Louise Doughty: Apple Tree Yard (2013)

Apple Tree Yard

I wanted to read Apple Tree Yard as soon as it was out last year because I’d enjoyed Louise Doughty’s earlier novel Whatever You Love so much. I didn’t really know what to expect, didn’t read any reviews, and so I was glad to find out that not only is the book very different from her earlier novel, but just as good, maybe even better.

Apple Tree Yard tells the story of an affair that goes terribly wrong. Yvonne Carmichael is in her fifties, married with two grown-up kids. She’s a scientist and very successful in her work. Her marriage could be better but yshe and her husband do get along fine. What it is that makes her follow a man and start an affair with him? Boredom? Love—or rather lust— at first sight? Maybe a bit of both.

The book opens with a prologue that gives away a lot. We know Yvonne Carmichael and her lover have been arrested and are being tried and we also know that the prosecution has found out something that could be fatal for Yvonne. I think it’s quite impressive that Louise Doughty managed to give away this much in the prologue and still was able to write a page-turner that held my interest until the last page.

What worked particularly well for me was that large parts of the story were written as if Yvonne was talking to her lover, which was intimate and eerie at the same time.

Apple Tree Yard is the third crime novel with a London setting that I’ve read this year and, once again, the setting is almost a character.

The book is a crime novel but it explores a lot of themes in a very arresting way. Unfortunately mentioning some of them would really spoil the book. One theme I can mention, which is important, is the exploration of a marriage. Yvonne and her husband still share a lot but they are clearly not in love.

Apple Tree Yard is part thriller, part court-room drama, nicely paced, intricately plotted and infused with a bitter-sweet, melancholy mood that is quite rare in crime novels. A very gripping and intense novel.

 

Louise Doughty: Whatever You Love (2010)

Two police officers knock on Laura’s door and her life changes forever. They tell her that her nine-year old daughter Betty has been hit by a car and killed.
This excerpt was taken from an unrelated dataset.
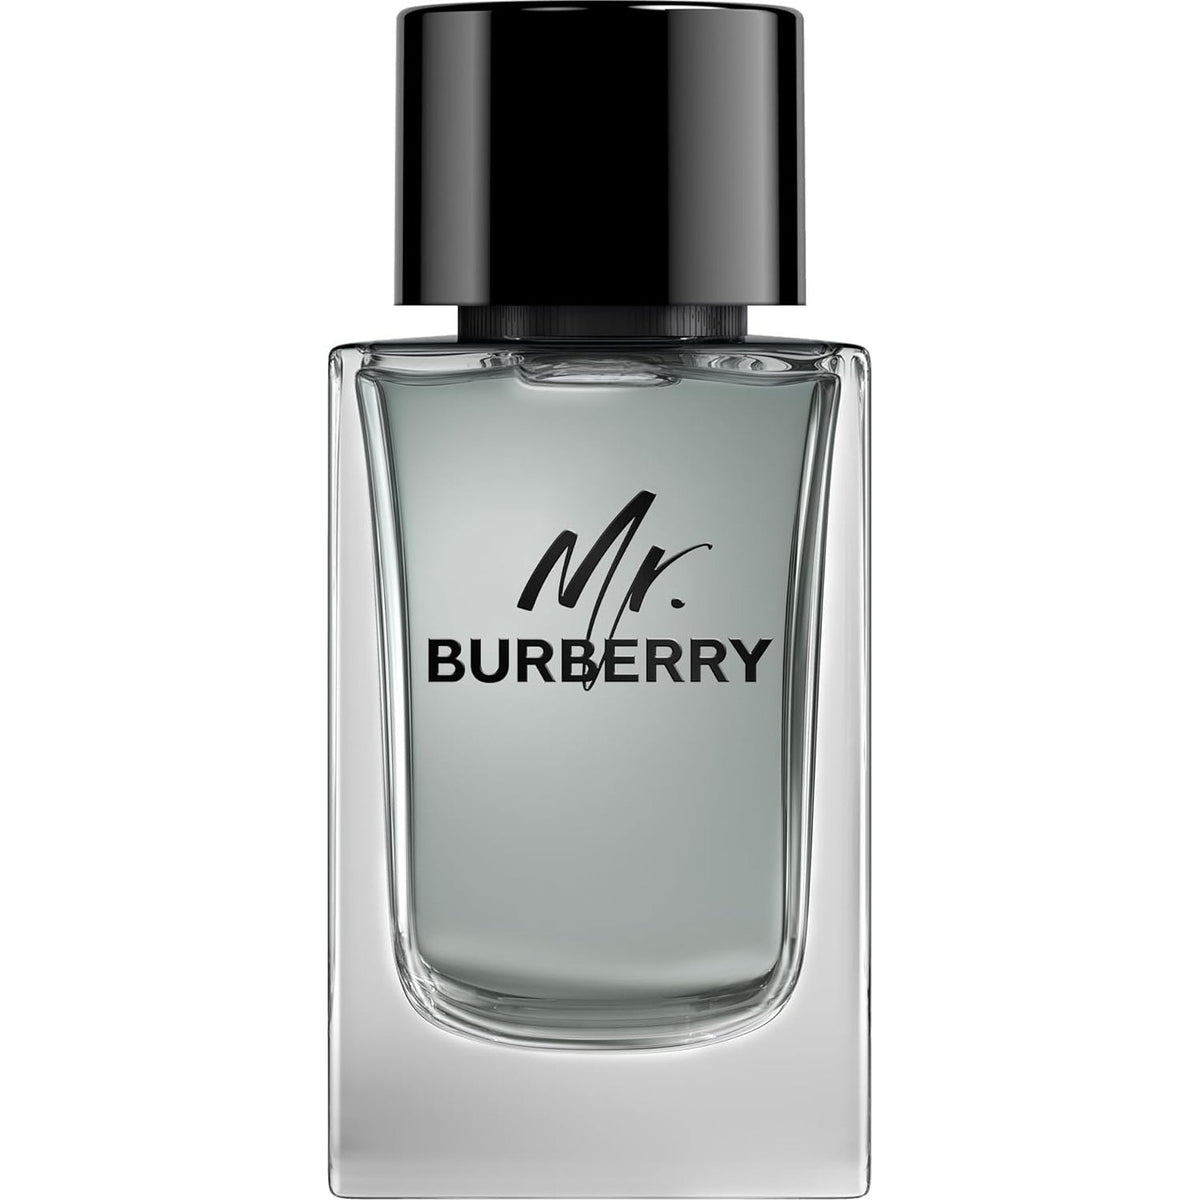 Burberry Mr. Burberry Eau de Toilette 150ml Spray

When justice is slow to arrive, Laura decides to take her own revenge. 

Whatever You Love is a book of raw emotions. And that from the first moment on when we read about the police knocking on Laura’s door to inform her that her daughter Betty has been killed. Laura is a very emotional woman, she feels everything that happens to her intensely, her reactions are very physical. There are many elements in the book that made me feel uneasy.
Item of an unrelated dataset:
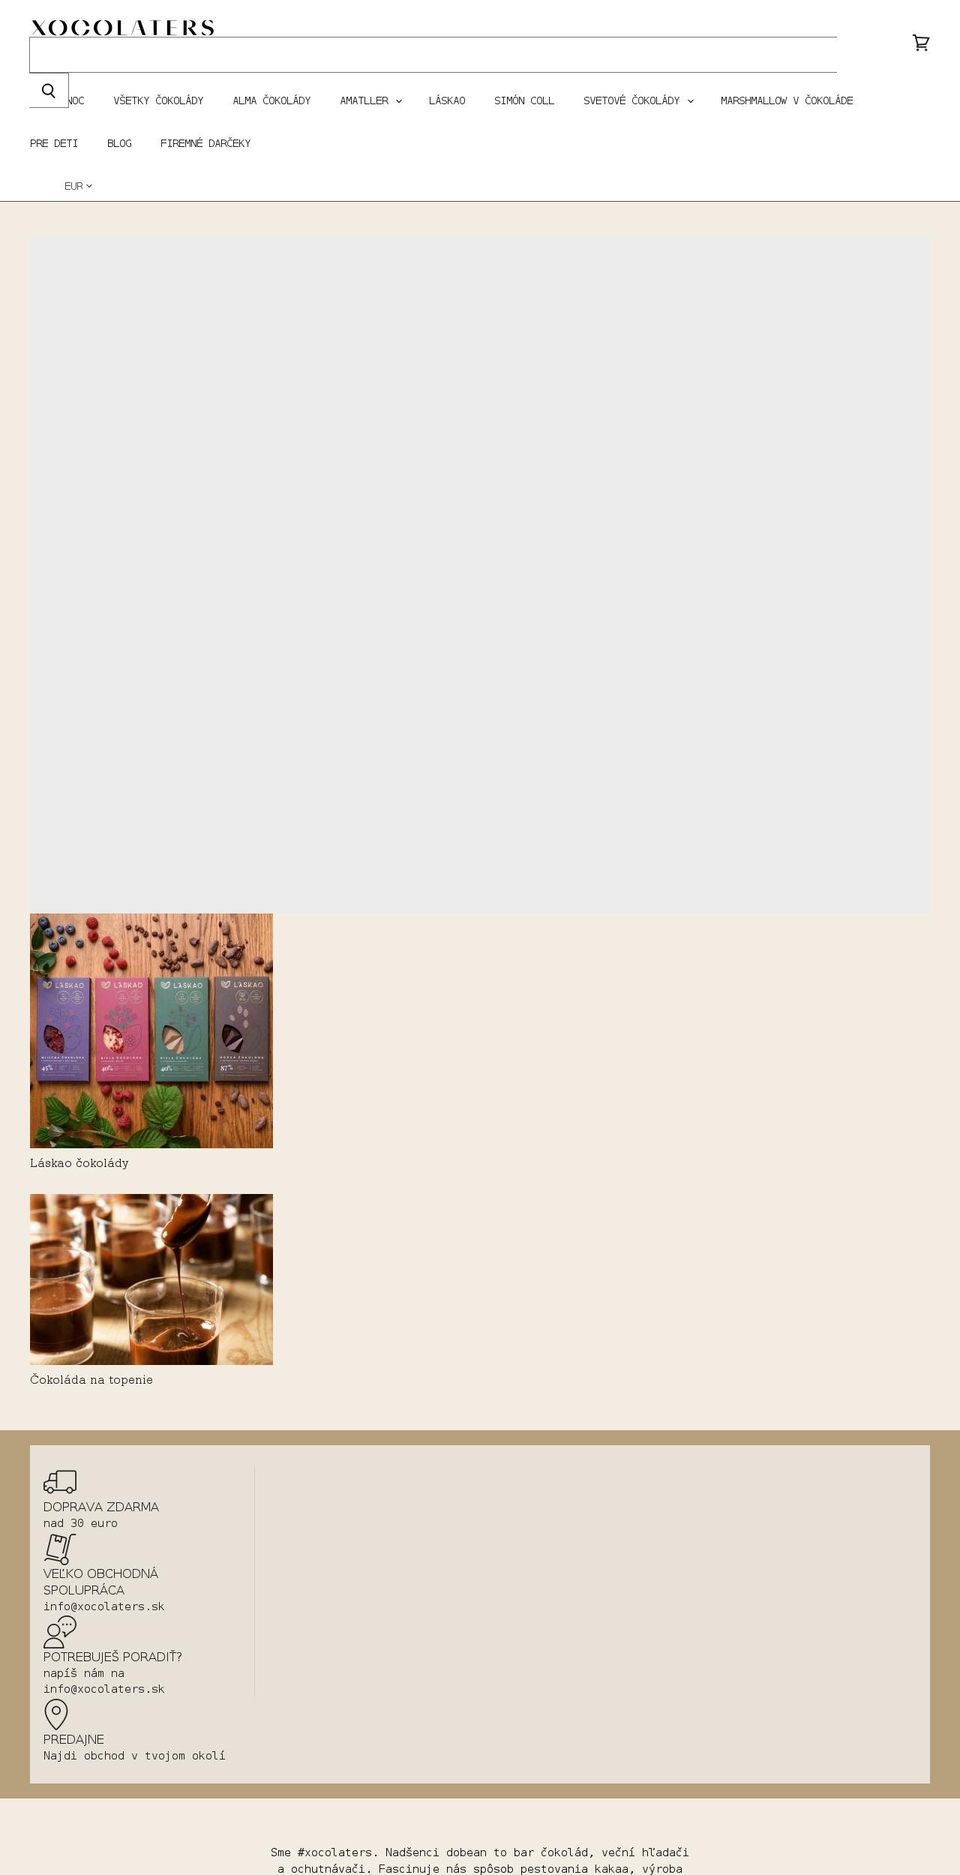 xocolaters.sk shopify website screenshot

The loss of her daughter hits Laura like a cutting knife. The pain is sharp and unbearable. And she is all alone to deal with this as her husband has left her for another woman. After Laura has seen the body of her dead little girl, we go back in time with her to the days when she first met David, Betty’s father.

The early days of their relationship are very passionate, very sexual. David is a strange man, withholding feelings and caring at the same time and also with a love for dangerous behavior like on the day when he holds Laura over a cliff. He might have slipped at any moment or let her fall. Laura is shocked and fascinated at the same time, revolted and attracted.
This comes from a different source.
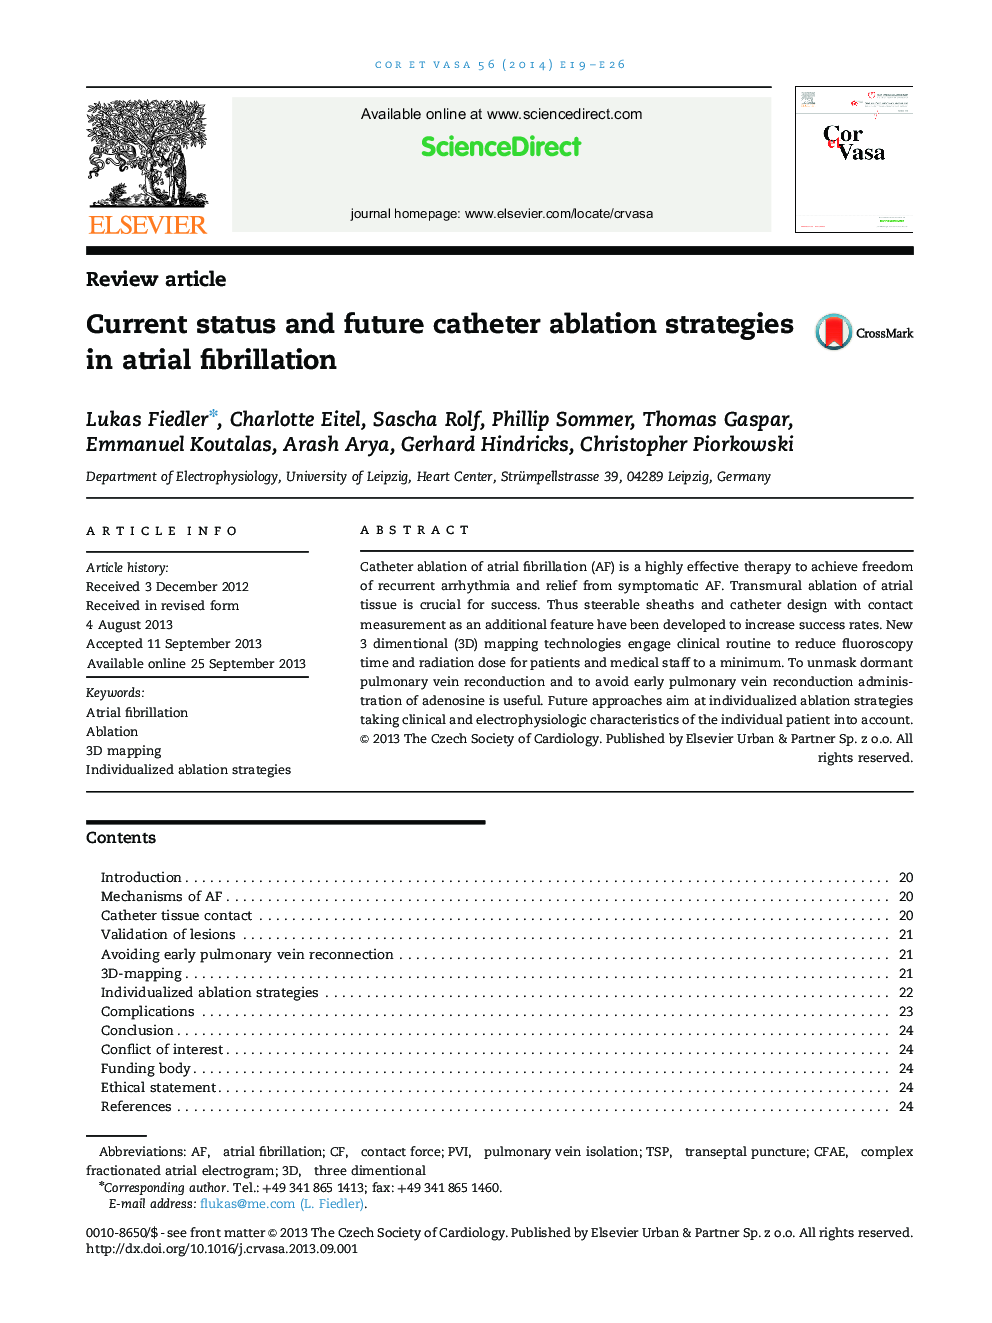 Current status and future catheter ablation strategies in atrial fibrillation

While  she is pregnant with their second child, David meets Chloe. At the time when Betty is killed, he is married to Chloe and they have a baby boy. The end of David’s and Laura’s marriage is ugly. There are fights and jealous outbreaks by both women. Laura gets anonymous phone calls and letters. She never tells David but she is sure they are from Chloe. Once she threatens Chloe and it stops but when Betty is killed, it starts again.

Struggling to overcome her grief, Laura relives the loss of her husband and when she finally hears that the man who killed her daughter in a hit-and run has been let go by the police, she freaks out and decides to take revenge.

From that moment on I thought I knew what was going to happen but I was quite wrong. Things turned out very different from what I expected.

I read this at super speed. I was very captivated. It is well written and has a nice pace that drags you along. There is a lot to identify with even if you have no children. It makes you think about relationships, the end of infatuation, adultery, family, raw and contradictory feelings and emotions like guilt, loss, jealousy and passion. What I liked best about the novel is the fact that there are no easy answers and the characters are complex with some very contradictory traits.